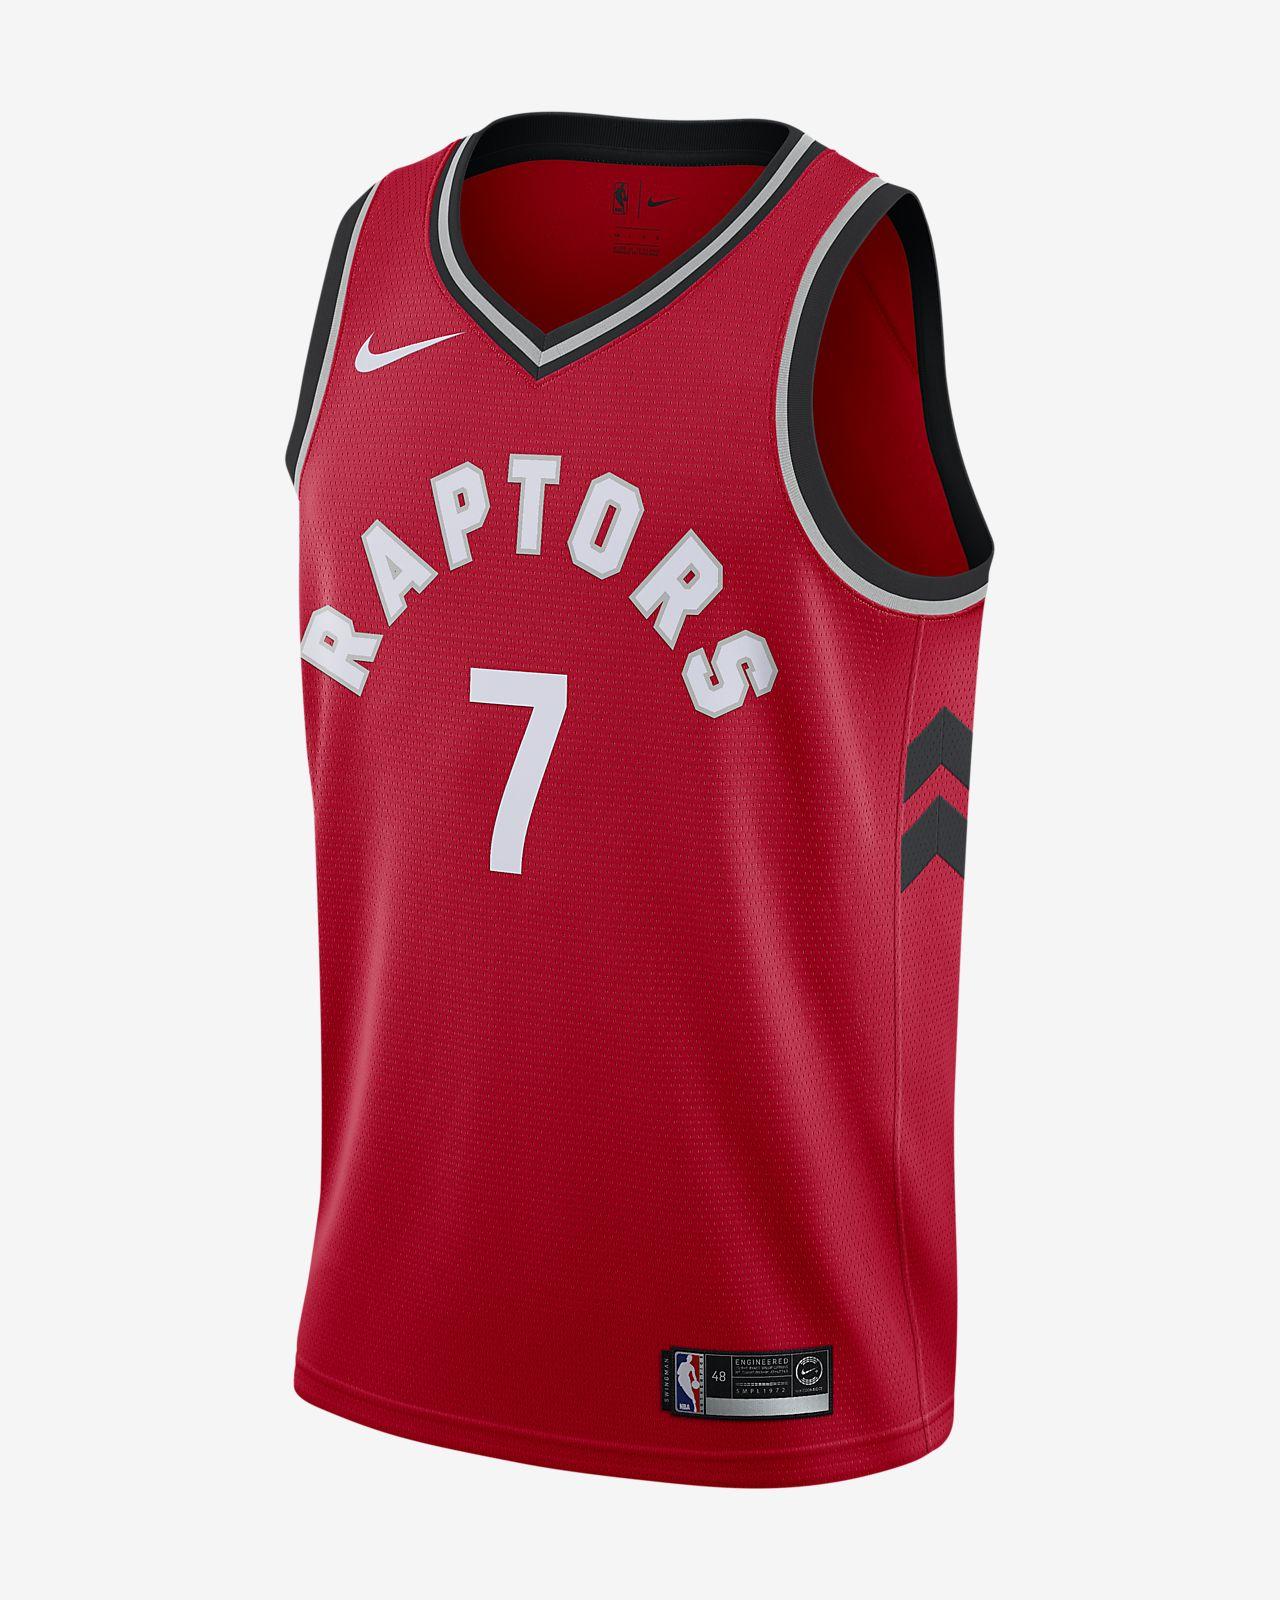 カイル ラウリー ラプターズ アイコン エディション ナイキ NBA スウィングマン ジャージー
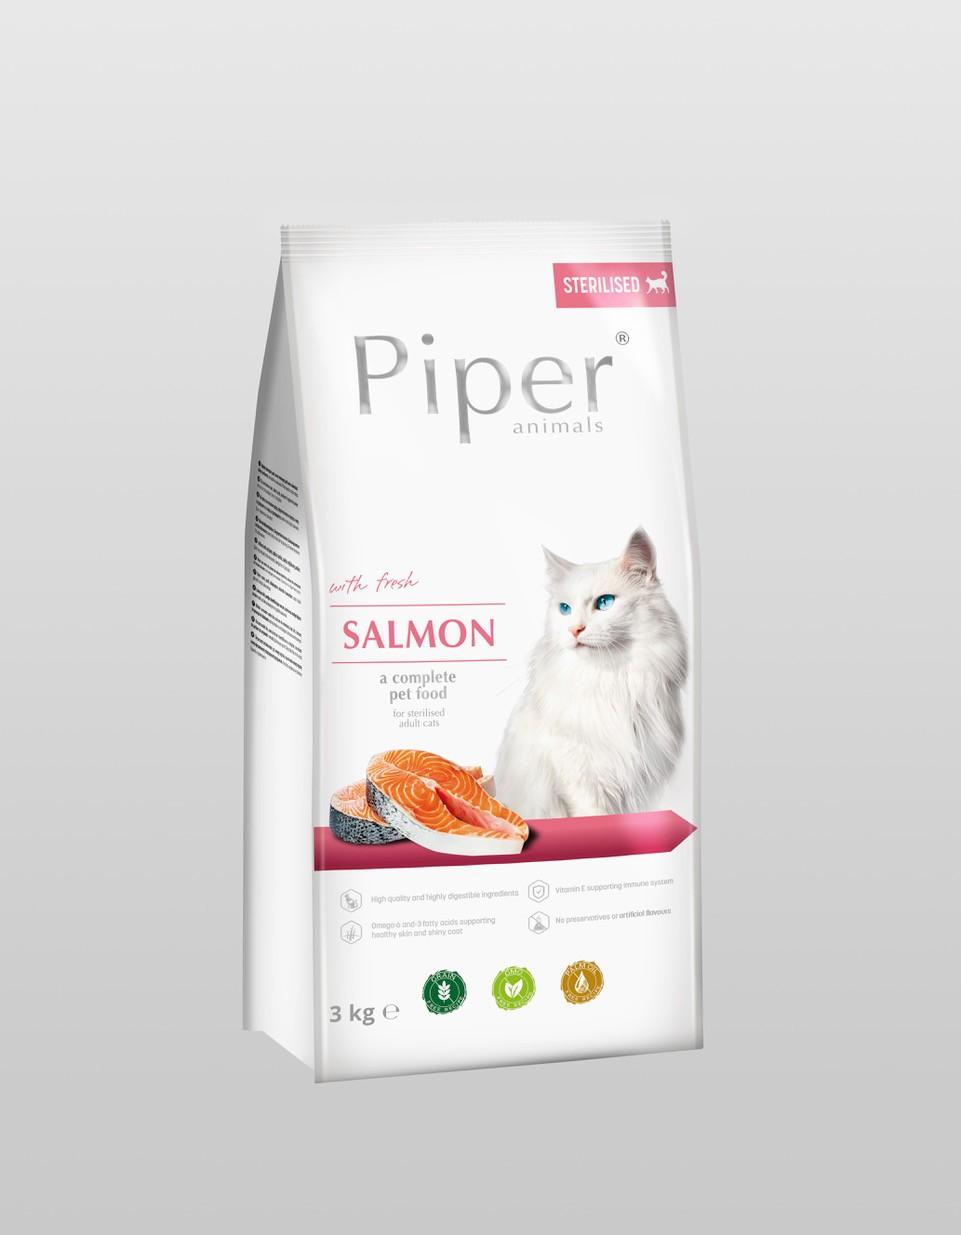 piper 3 kg v3 – SALMON
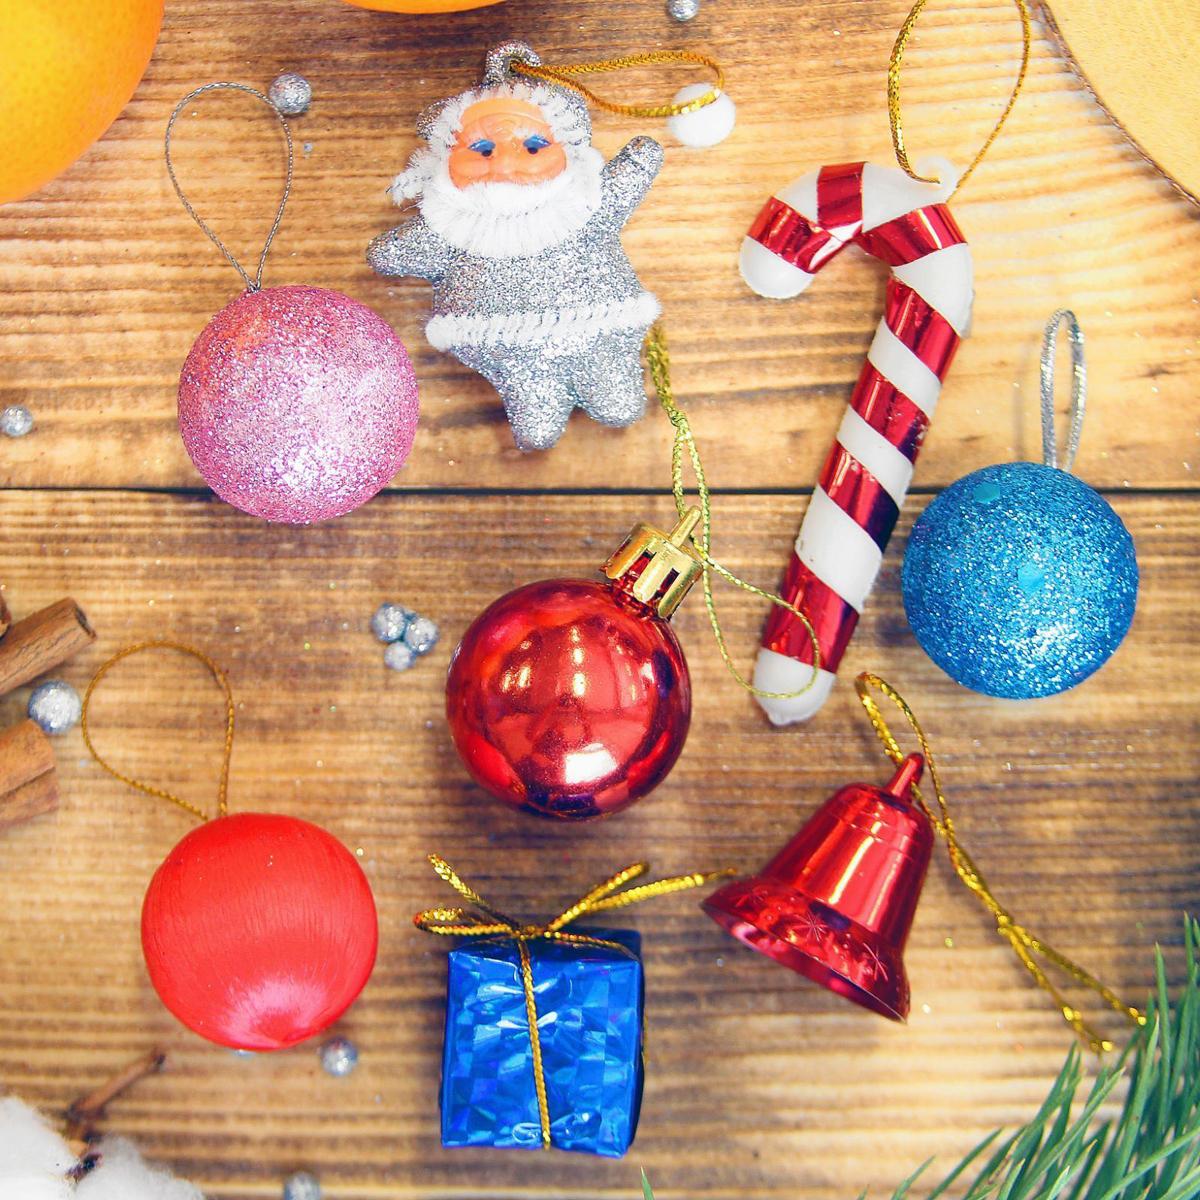 Набор новогодних подвесных украшений Шары, палочки, дом, колокольчики, барабаны, 15 шт2372124Набор новогодних подвесных украшений отлично подойдет для декорации вашего дома и новогодней ели. С помощью специальной петельки украшение можно повесить в любом понравившемся вам месте. Но, конечно, удачнее всего оно будет смотреться на праздничной елке.Елочная игрушка - символ Нового года. Она несет в себе волшебство и красоту праздника. Такое украшение создаст в вашем доме атмосферу праздника, веселья и радости.
::::
» **WORK ITEM**
Please, without any of the pictures, set down exactly the lines from the beginning of the listing to the line that contains "piper 3 kg v3 – SALMON", inclusive.

» **SOLUTION TO THIS EXERCISE**
 カイル ラウリー ラプターズ アイコン エディション ナイキ NBA スウィングマン ジャージー
 piper 3 kg v3 – SALMON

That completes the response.